Different anatomical regions in a spatial resolution represents cell compositions on tumor, stroma, immune and epithelium

Second, standalone analysis of the spatial transcriptome along with the annotated anatomical regions was performed to identify spatially differential transcriptional programs. Interestingly, we found region-specific transcriptional differences. Unsupervised clustering of spatial transcriptome of CRC5_1 along with annotated anatomical regions revealed that the tumor region was characterized by heterogeneous cell cluster enriched high TMSB4X expressing cell populations (Fig. 3d, Fig. S3), which was not observed in CRCN5_1 (Fig. 3f). The higher expression of TMSB4X is consistent with the recent finding that TMSB4X is one of the markers of epithelial cells in CRC tumor tissue [47]. TMSB4X encodes thymosin beta-4, a well-known secreted small peptide, which is identified as a novel prognostic marker for non-small cell lung cancer [48]. TMSB4X has been validated as a therapeutic target in colon cancer stem cells in a previous study [49]. Additionally, in other architecture-dependent tissues whose spatial locations are deeply intertwined with their functions, such as brain and heart, TMSB4X has been reported to be involved in tumor progression via neovascularization, cell adhesion and the epithelial-mesenchymal transition [50, 51]. When TMSB4X was silenced both in vitro and in vivo, differentiation and tumorigenicity were diminished [52]. Targeting highly expressed TMSB4X or TMSB4X-high cell populations identified in spatial trascriptome in CRC has the potential to become a new therapeutic strategy in CRC. Moreover, the annotated stromal region overexpressed classical marker genes for fibroblasts or endothelial cells, such as LUM, VIM, COL1A1, and COL1A2. It is noted that the differential expression of VIM gene in comparison of stromal regions and other regions in CRC ST-seq dataset was also identified in CRC scRNA-seq dataset, in which VIM gene was one of the DEGs in malignant cells compared to non-malignant cells.

As proximity is a necessity for physical interactions among cells, anatomical regions or cell-type proximity/interactive maps can be used to guide the discovery of interactions between anatomical regions or cell types in the same or different lineages. We first carried out a pseudotemporal trajectory analysis of the four anatomical regions in CRC5_1 section. Our data revealed that the lineage stemmed from the colon epithelium, and then went through an infiltration to divide into two major lineages, corresponding to stromal and tumor spots, respectively (Fig. 4a, top). The trajectory reconstruction confirmed two major terminal/branching cell fates at tumor and stoma spots, respectively (Fig. S4a). Moreover, seven continuous states were identified during along pseudotime trajectory (Fig. S4b). Tumor spots were observed mainly in state 5, and stromal spots were found primarily in state 6, which indicated different states during tumorgenesis, even though these two anatomical regions were proximal to each other. The colon epithelium was observed mostly in state 1, and immune infiltration was distributed in states 2,3,4 and 7, sporadically in state 6.

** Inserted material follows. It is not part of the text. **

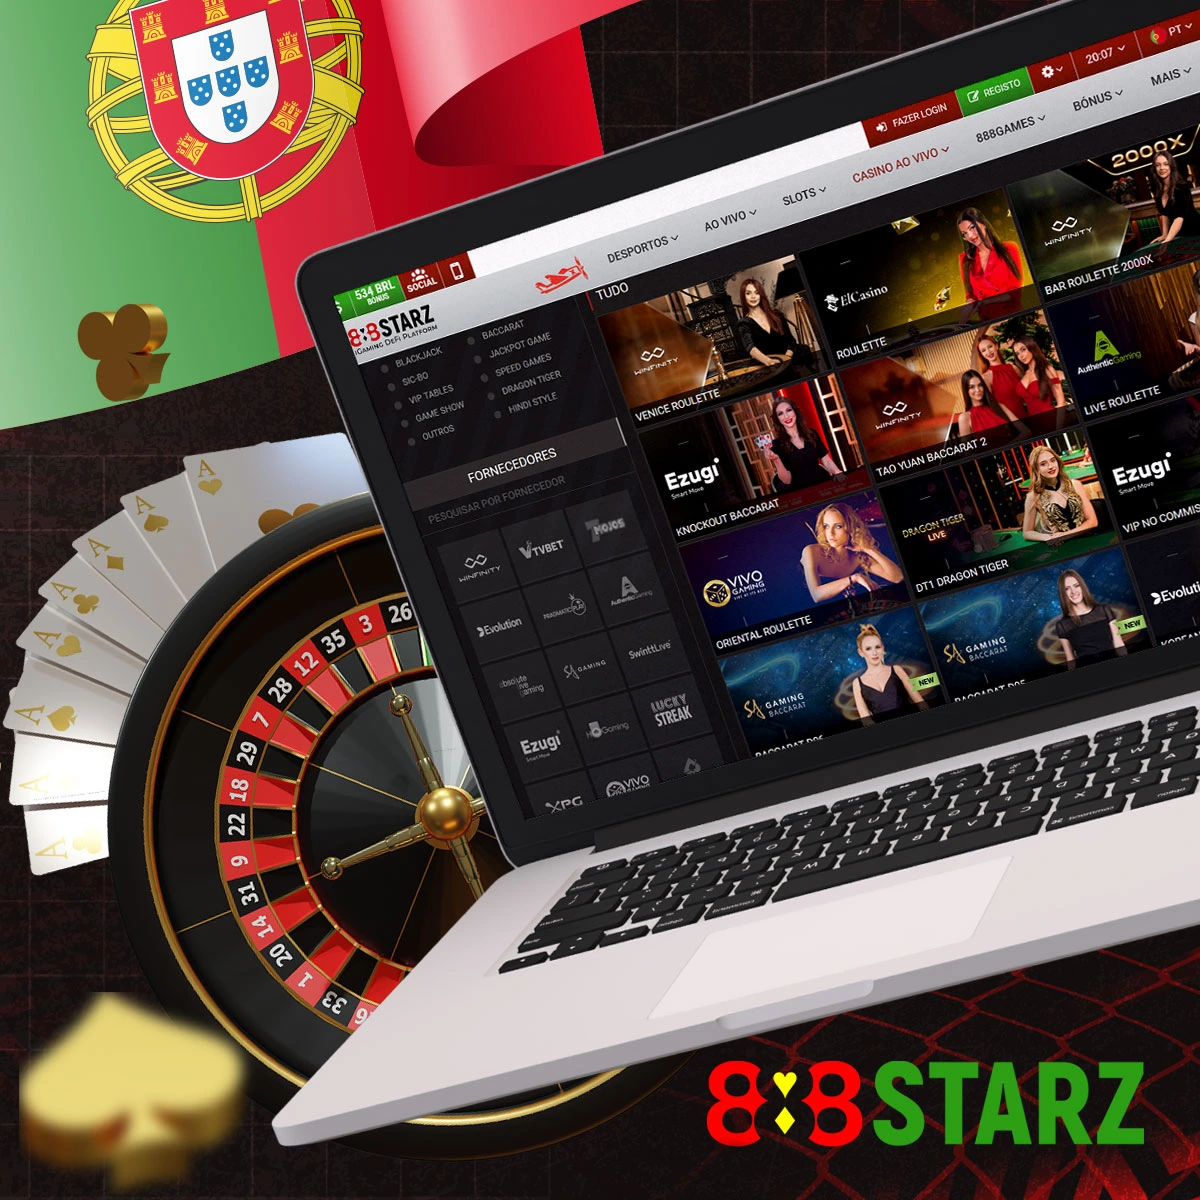 Como funciona o casino ao vivo na plataforma 888Starz?
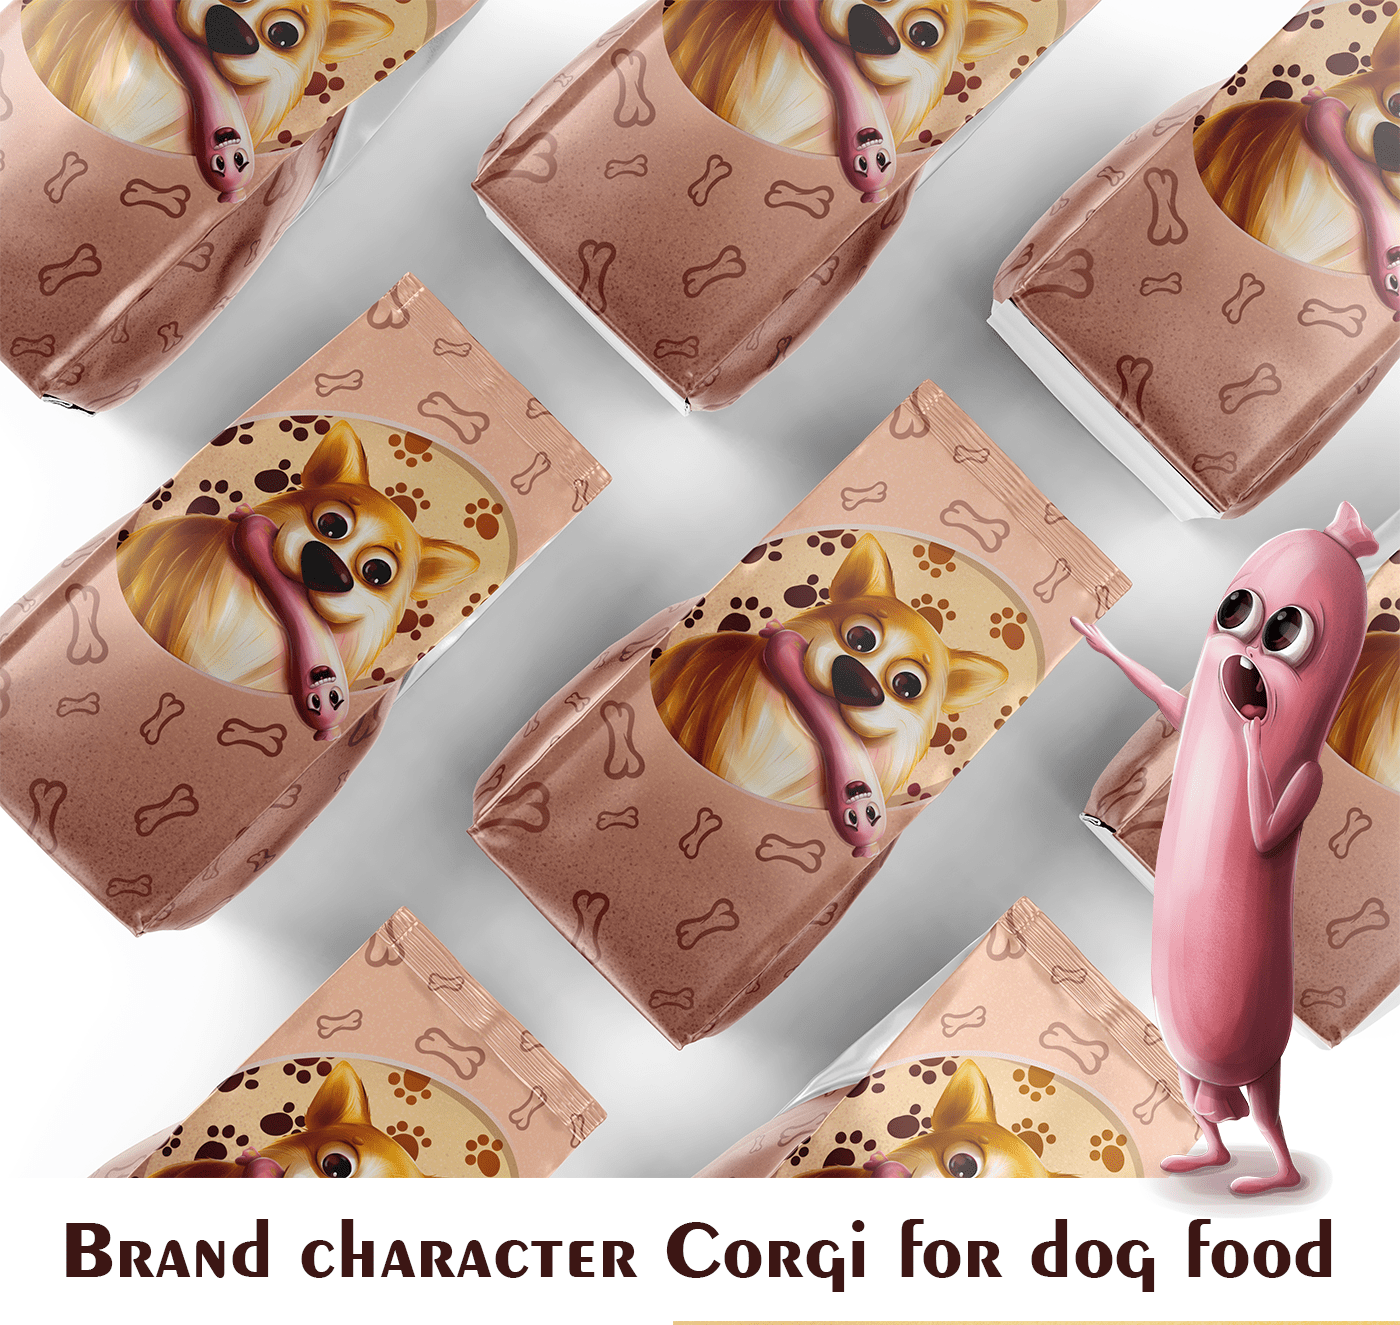 baby illustration book illustration brand character Corgi digital illustration dog food for dogs дизайн упаковки

Fig. 4: The trajectory and interactions of cell lineages at spatial resolution.
figure 4

a The trajectory of all ST spots of CRC5_1 cryosection in the ST-seq dataset, color-coded by four annotated, spatial regions (tumor, stroma, immune infiltration, colon epithelium, as shown in Fig. 3c. b The distribution of ST spots of CRC5_1 cryosection on cell cycle phases. c Receptor-ligand pair expression in each pair of spatial regions in CRC5_1 cryosection using CellPhoneDB. d Hierarchical clustering of ST spots from the tumor region in CRC5_1 cryosection and indicative of five tumor subtypes based on five transcriptomic signatures. e The trajectory of five tumor subregions.

Consistent with the trajectory, the tumor and stromal spots exhibited greatest pseudotime meaning the most extent of differentiation and mature/terminal programme (Fig. S4b). To explore the characteristics of the branching cell fates, cell cycle phase analysis was performed. Approximately 70% of stromal spots arrested in the G1 phase of cell cycle, but this outcome was not observed in tumor anatomical regions (Fig. 4b). G1 phase cell cycle arrest may be responsible for the inhibition of colorectal cell proliferation in the stromal region. Compounds that promote G1 cell cycle arrest were used and confirmed to be a treatment of colorectal cancer [51].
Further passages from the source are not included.